Randall v Randall was an “interesting” case in the High Court in May which has recently hit the law reports. Interesting in that the Court examined what it means to have an interest in an estate and therefore be able to bring a probate case against the estate.

Mr and Mrs Randall, a divorced couple had agreed in their divorce settlement that if Mrs Randall ever inherited more than £100,000 from her mother they would divide the balance equally.

Mrs Randall’s mother passed away leaving her with the said £100,000 and the rest of her estate of around £150,000 to her grandchildren. Mr Randall, bereft of his £75,000 sought to challenge Mrs Randall’s mother’s Will.

The first court who heard the case said that Mr Randall did not have an immediate interest in his mother-in-law’s estate. The legal rule is that a probate claimant must have a legal “interest” in an estate and that there was a difference between someone with an interest in an estate and a person who was ‘interested’ in the estate.

On the basis that Mr Randall was not an immediate beneficiary of his mother in law’s estate but instead one step removed as someone to whom Mrs Randall owed money, the court in the first instance said that he could not bring a probate claim. It went further to say that there was no route by which the Will could be challenged by Mr Randall.

This left Mr Randall with nowhere to go but to appeal that decision and so the Court of Appeal considered the matter. They put aside the question of how close an ‘interest’ Mr Randall had in the estate; they looked instead at whether from a procedural point of view, Mr Randall should be allowed to bring a claim.

The Court of Appeal concluded that Mr Randall should be allowed to challenge his mother in law’s Will. They felt that “justice in the general sense requires H to be able to bring his probate claim to set aside the will”.

So, hurrah for justice! But…hang on, what about certainty; being able to decide who receives your inheritance?

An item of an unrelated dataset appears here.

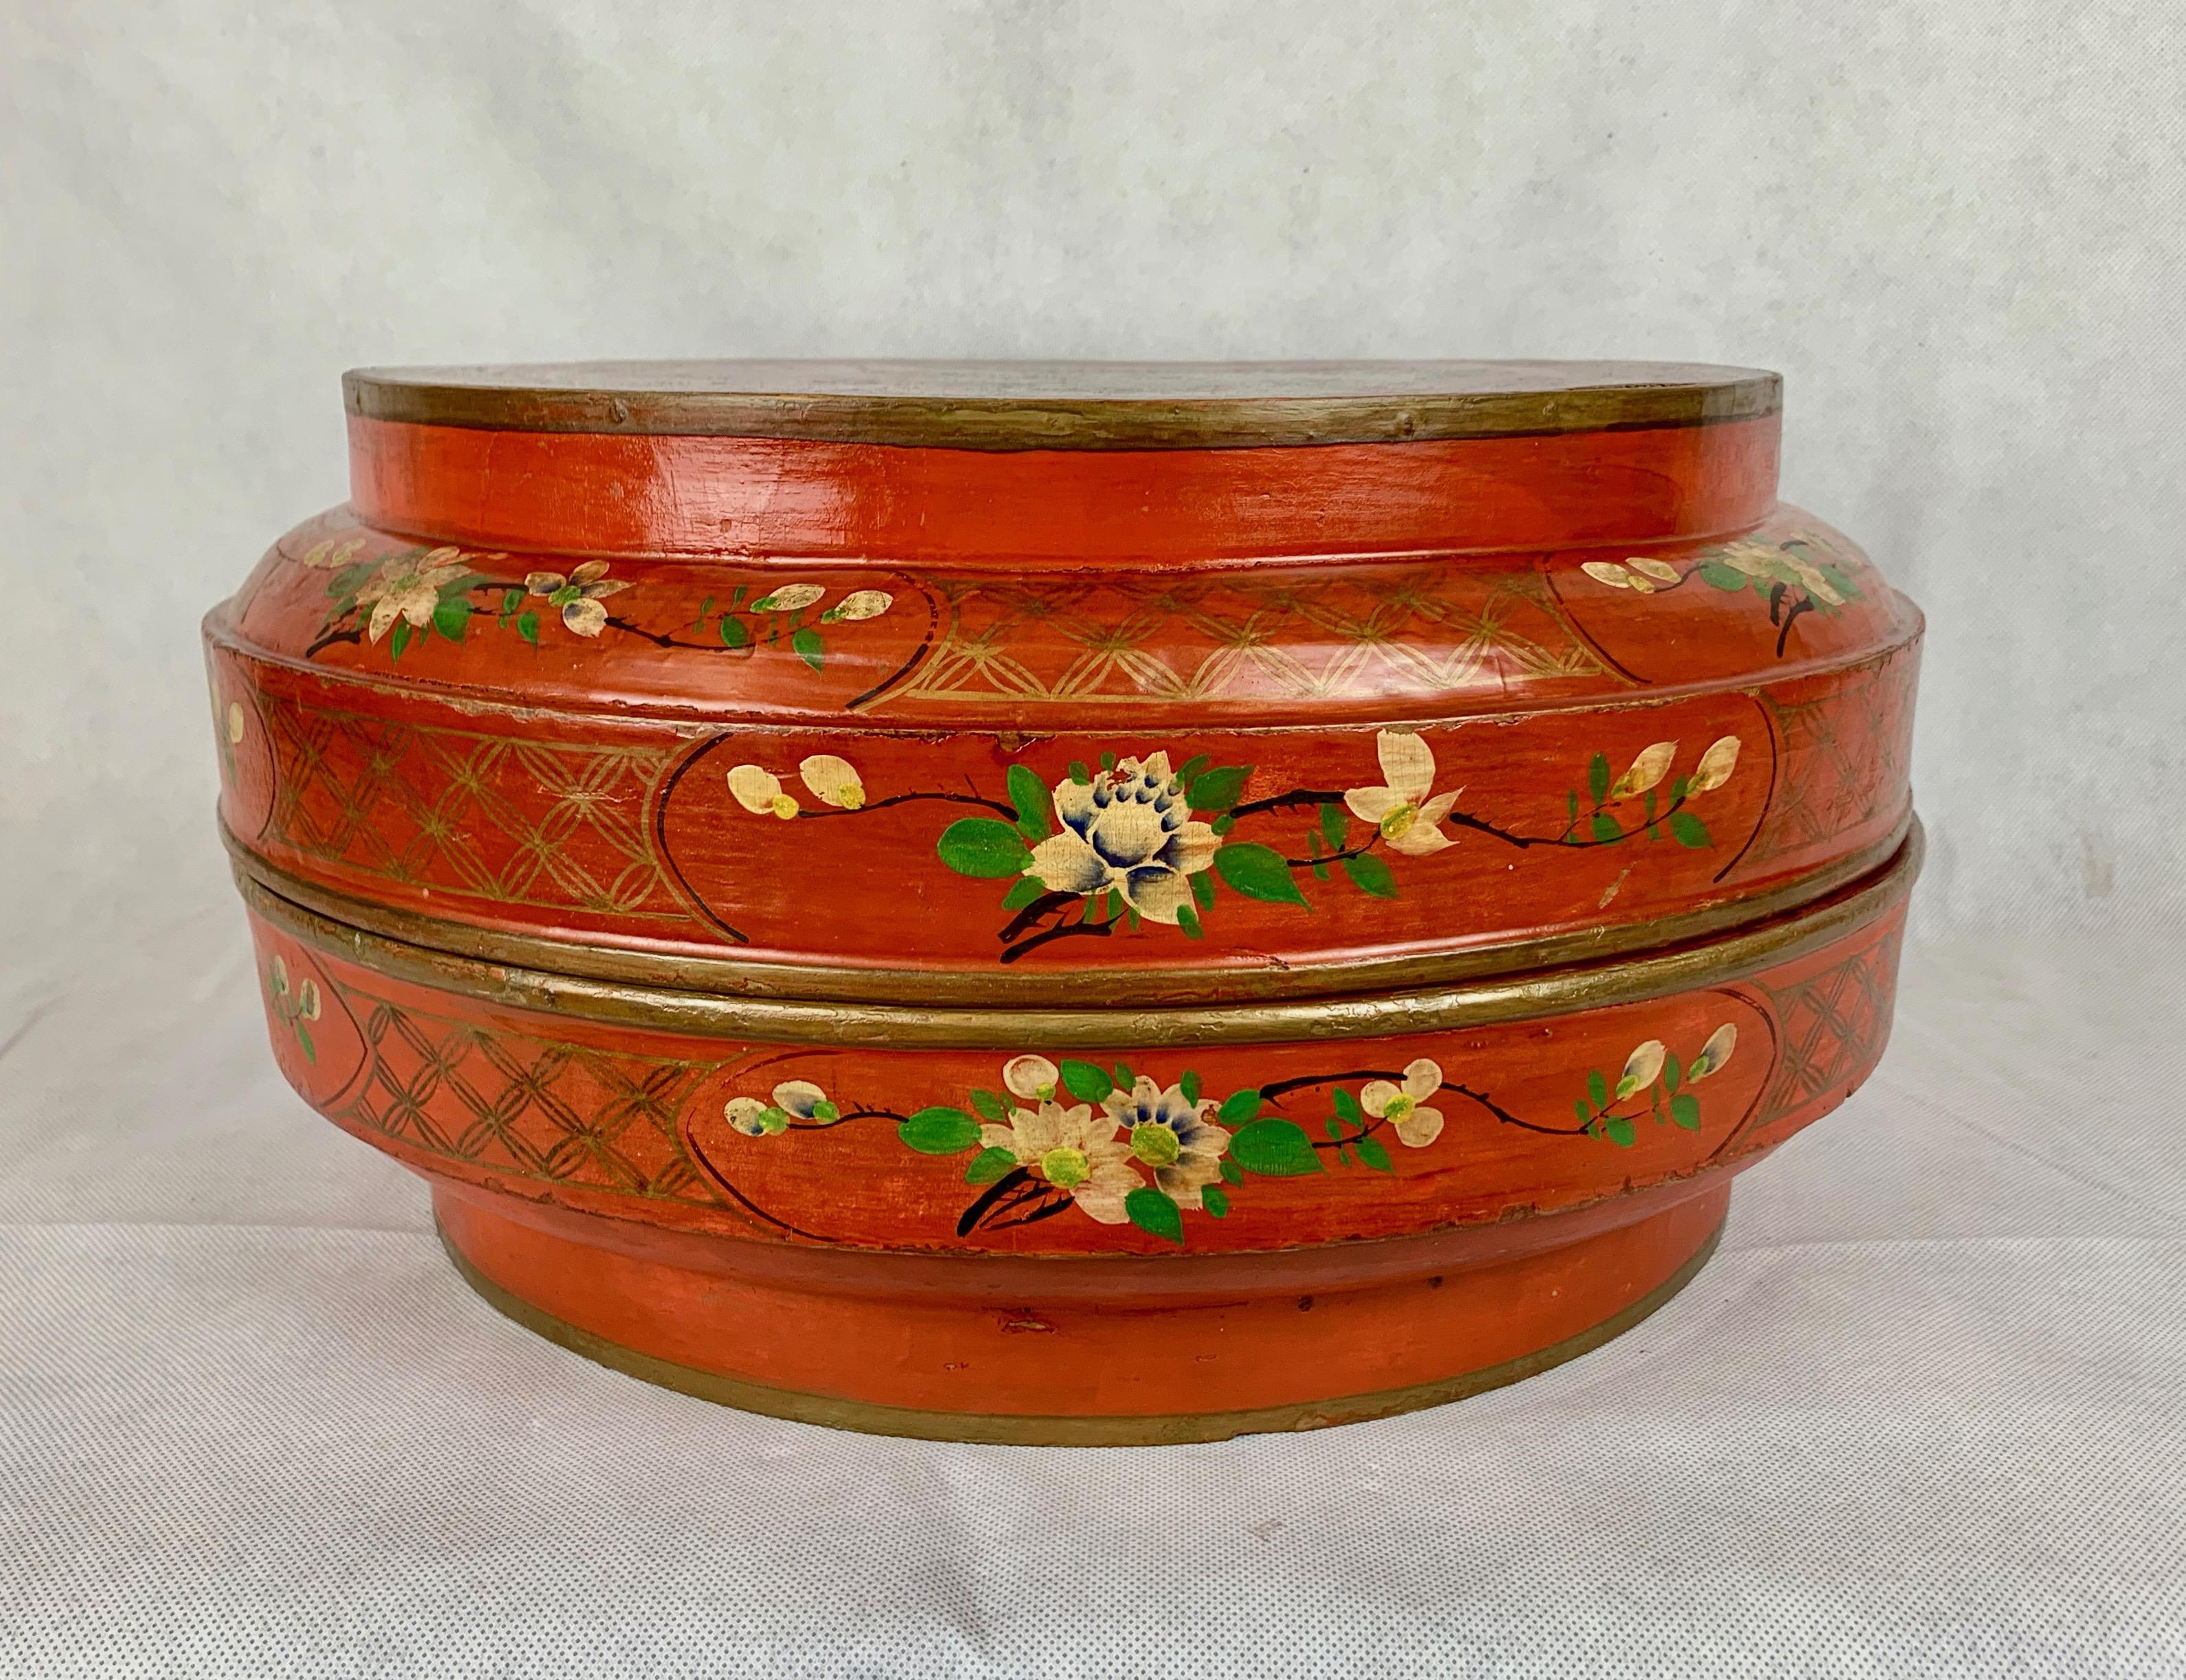 Chinese red lacquer two part wedding box. Entirely hand decorated with a bird and flowers on top and flowers and vines along the side.  The interior is painted a deep apple green along with two Chinese character marks.
Diameter-15.5

Currently lawyers would recommend that if you know who you want to leave out of your Will that you say that in the Will or at the very least in a side letter. If that disinherited beneficiary could have a claim on the estate then even leave them a small amount so it could not be said later that you have made no reasonable provision.

But how can you plan for challenges from your beneficiaries’ creditors, you would not know who these are?

And so, this case widens the doorway to both genuine but also opportunistic claimants making a claim on estates where their connection to the deceased is rather indirect.